4) Reliability and Failure Strategy

  • Track connection churn, backpressure, and session resumption behavior.
  • Define cache keys and purge workflows before launch to avoid stale/global outages.
  • Design region failover and data residency controls as first-class requirements.
  • Use strong write constraints (transactions or conditional writes) and explicit backup/restore strategy.
  • Alert on user-impact SLOs, not only infrastructure metrics.

5) Validation Plan

  • Run one peak-load test, one dependency-degradation test, and one failover test.
  • Verify idempotency for all retried writes and async consumers.
  • Track user-facing SLOs first: p95 latency, error rate, and successful throughput.

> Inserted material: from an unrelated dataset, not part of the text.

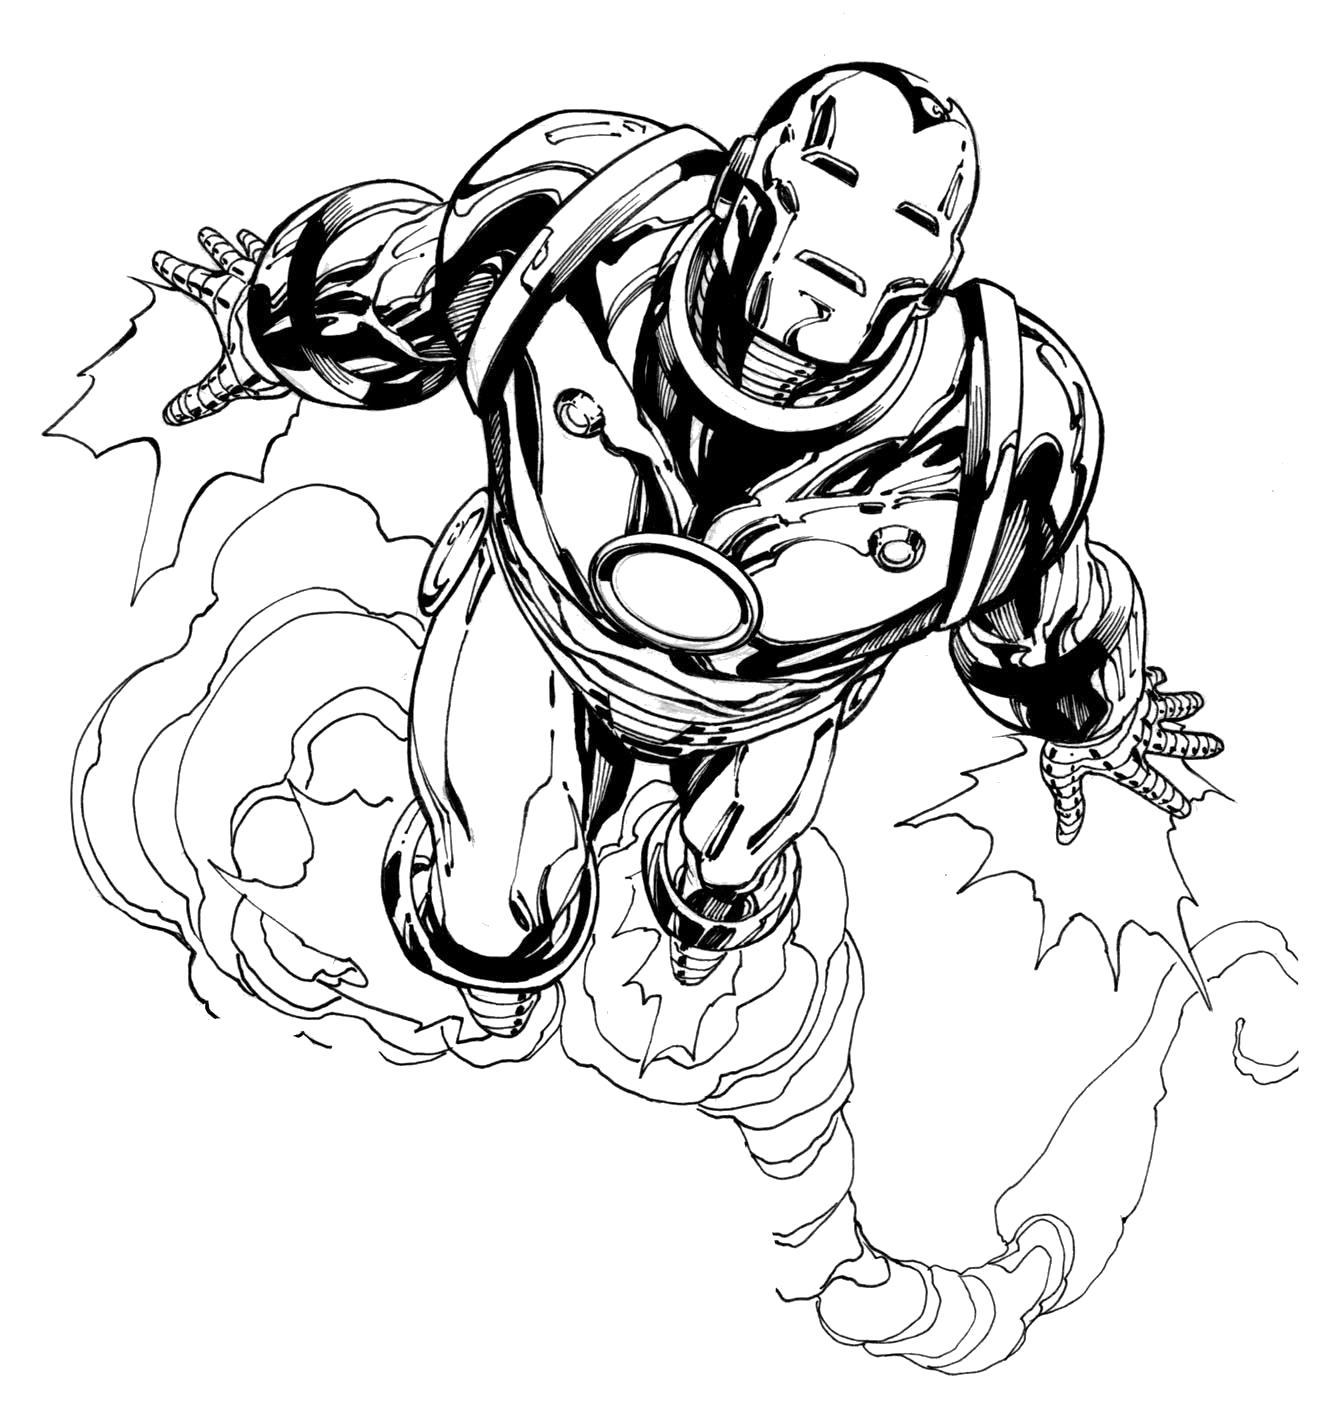 Раскраска Скачать картинки и раскрашки Бэтмен. Скачать Железный человек.  Распечатать Комиксы и супергерои
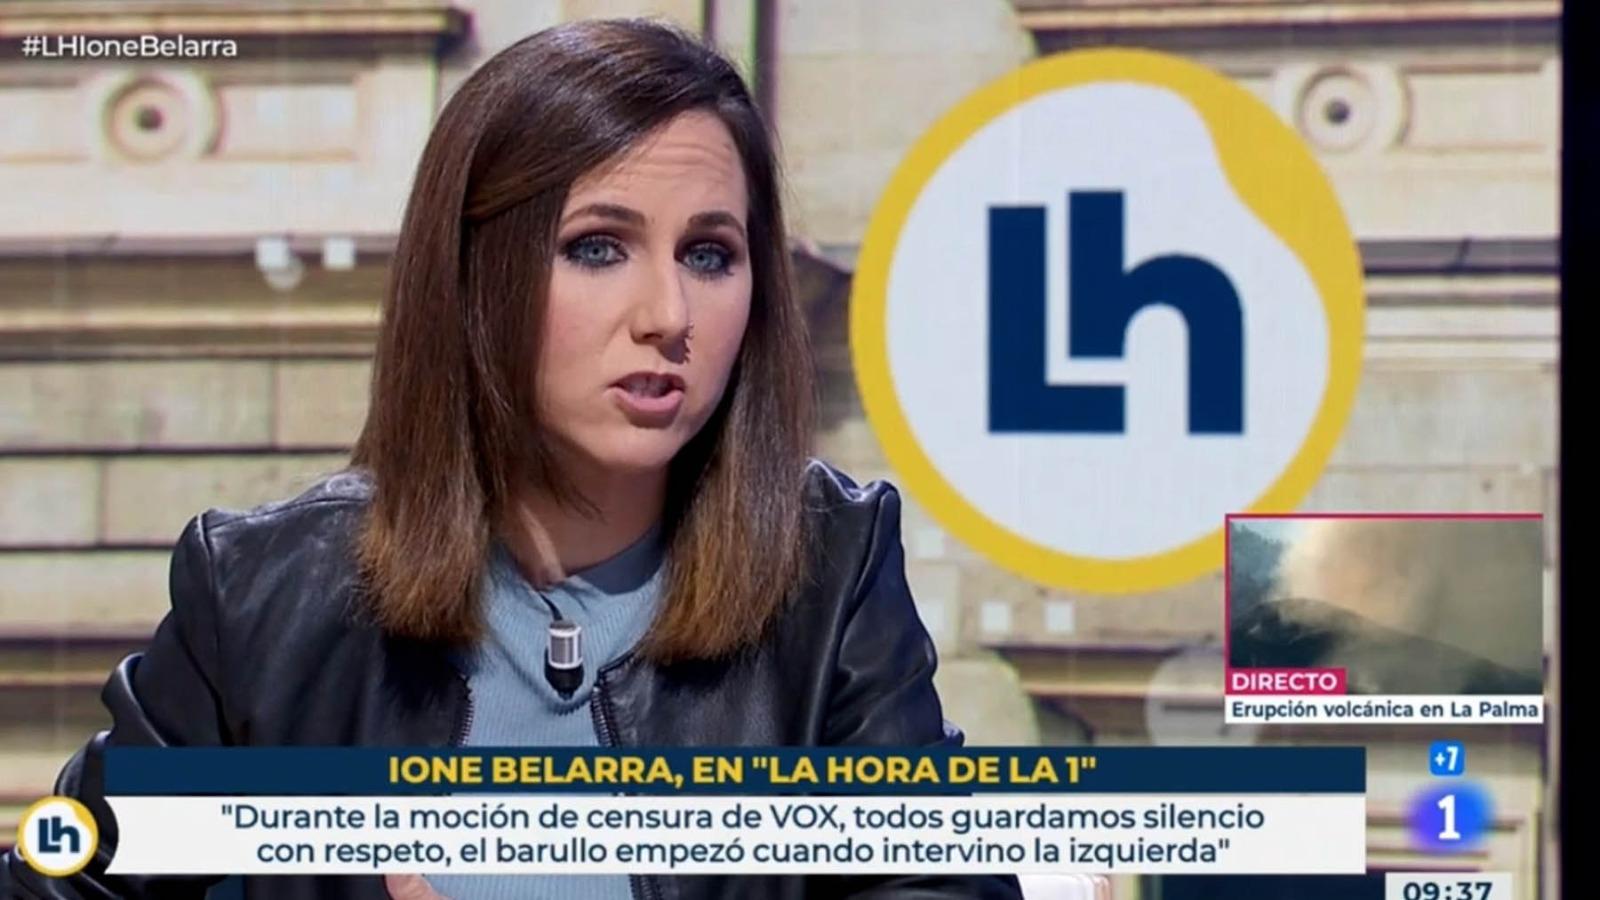 La ministra y líder de Podemos, Ione Belarra, en TVE. (Vídeo: 'La Hora de La 1').

6) Trade-offs to Call Out in Interviews

  • WebSockets: WebSockets reduce interaction latency but complicate scaling and state management.
  • CDN: Long TTL improves latency/cost; short TTL improves freshness.
  • Geo Distribution: Global latency improves, but cross-region consistency and operations become harder.
  • Databases: SQL gives stronger transactional guarantees; NoSQL often gives better write scaling and flexibility.
  • Monitoring: Deep observability speeds incident response but raises ingestion and tooling costs.

Practical Notes

  • SFU (Selective Forwarding Unit) per meeting: receives N streams, forwards up to N-1 to each participant. Only the active speaker + pinned videos are forwarded at high quality.
  • Simulcast: each sender encodes 3 quality layers. The SFU picks the right layer per receiver - low quality for thumbnail tiles, high for the active speaker.
  • Route meeting to the data center closest to the majority of participants. For geographically distributed meetings, use media relay bridges between data centers.

Learn the Concept

Practice Next

Reference SolutionClick to reveal

Why This Solution Works

Request path: The solution keeps ingress, service logic, and stateful dependencies separated so each layer can scale independently.

Reference flow: Mobile Clients -> DNS -> CDN Edge -> Load Balancer -> API Gateway -> Core Service -> Auth Service -> Primary NoSQL DB

Design strengths

  • Monitoring and logs are wired in from day one for rapid incident triage.
  • Security controls are enforced at ingress to protect downstream capacity.

Interview defense

  • This design makes bottlenecks explicit (ingress, core compute, persistence, async workers).
  • It supports progressive scaling without re-architecting the core request path.
  • It keeps correctness-sensitive state changes in durable systems while offloading background work asynchronously.